→ The problem:
Determine the number of lines in the listing that include the string "Black"; the reply consists of that number only.

→ Source material:
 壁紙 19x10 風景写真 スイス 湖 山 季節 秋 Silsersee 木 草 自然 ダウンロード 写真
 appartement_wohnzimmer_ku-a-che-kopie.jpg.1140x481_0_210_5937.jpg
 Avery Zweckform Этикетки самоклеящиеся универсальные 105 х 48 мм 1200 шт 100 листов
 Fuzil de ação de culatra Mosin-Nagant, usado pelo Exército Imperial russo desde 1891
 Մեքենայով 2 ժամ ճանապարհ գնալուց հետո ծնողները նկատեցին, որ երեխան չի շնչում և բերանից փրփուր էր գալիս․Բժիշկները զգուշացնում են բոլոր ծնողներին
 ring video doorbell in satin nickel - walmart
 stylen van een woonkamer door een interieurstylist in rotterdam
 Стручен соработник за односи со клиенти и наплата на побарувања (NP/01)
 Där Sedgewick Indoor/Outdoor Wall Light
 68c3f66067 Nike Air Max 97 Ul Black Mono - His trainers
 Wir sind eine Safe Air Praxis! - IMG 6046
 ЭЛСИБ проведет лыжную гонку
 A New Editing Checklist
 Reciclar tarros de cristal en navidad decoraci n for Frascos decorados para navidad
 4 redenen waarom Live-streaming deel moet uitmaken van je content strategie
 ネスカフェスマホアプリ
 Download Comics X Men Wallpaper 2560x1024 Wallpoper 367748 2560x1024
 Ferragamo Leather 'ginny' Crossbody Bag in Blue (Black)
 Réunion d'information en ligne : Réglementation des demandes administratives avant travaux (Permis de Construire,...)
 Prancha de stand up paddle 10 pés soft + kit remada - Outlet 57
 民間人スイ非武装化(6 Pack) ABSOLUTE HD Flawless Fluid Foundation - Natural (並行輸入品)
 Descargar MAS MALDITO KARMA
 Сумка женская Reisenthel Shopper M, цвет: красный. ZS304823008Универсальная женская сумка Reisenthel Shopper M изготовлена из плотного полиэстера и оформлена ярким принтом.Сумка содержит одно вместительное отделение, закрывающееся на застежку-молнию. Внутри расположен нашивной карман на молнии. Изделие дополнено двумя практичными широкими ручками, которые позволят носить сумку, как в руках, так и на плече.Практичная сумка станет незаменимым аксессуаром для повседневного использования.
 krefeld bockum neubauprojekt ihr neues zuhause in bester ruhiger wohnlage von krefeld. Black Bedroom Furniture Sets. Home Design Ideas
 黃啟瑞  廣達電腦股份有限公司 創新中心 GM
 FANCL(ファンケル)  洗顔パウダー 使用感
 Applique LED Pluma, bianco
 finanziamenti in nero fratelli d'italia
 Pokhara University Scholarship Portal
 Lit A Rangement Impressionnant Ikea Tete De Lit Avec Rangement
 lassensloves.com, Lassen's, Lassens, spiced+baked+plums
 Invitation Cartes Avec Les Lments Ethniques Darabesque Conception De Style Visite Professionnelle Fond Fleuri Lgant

→ Reply:
3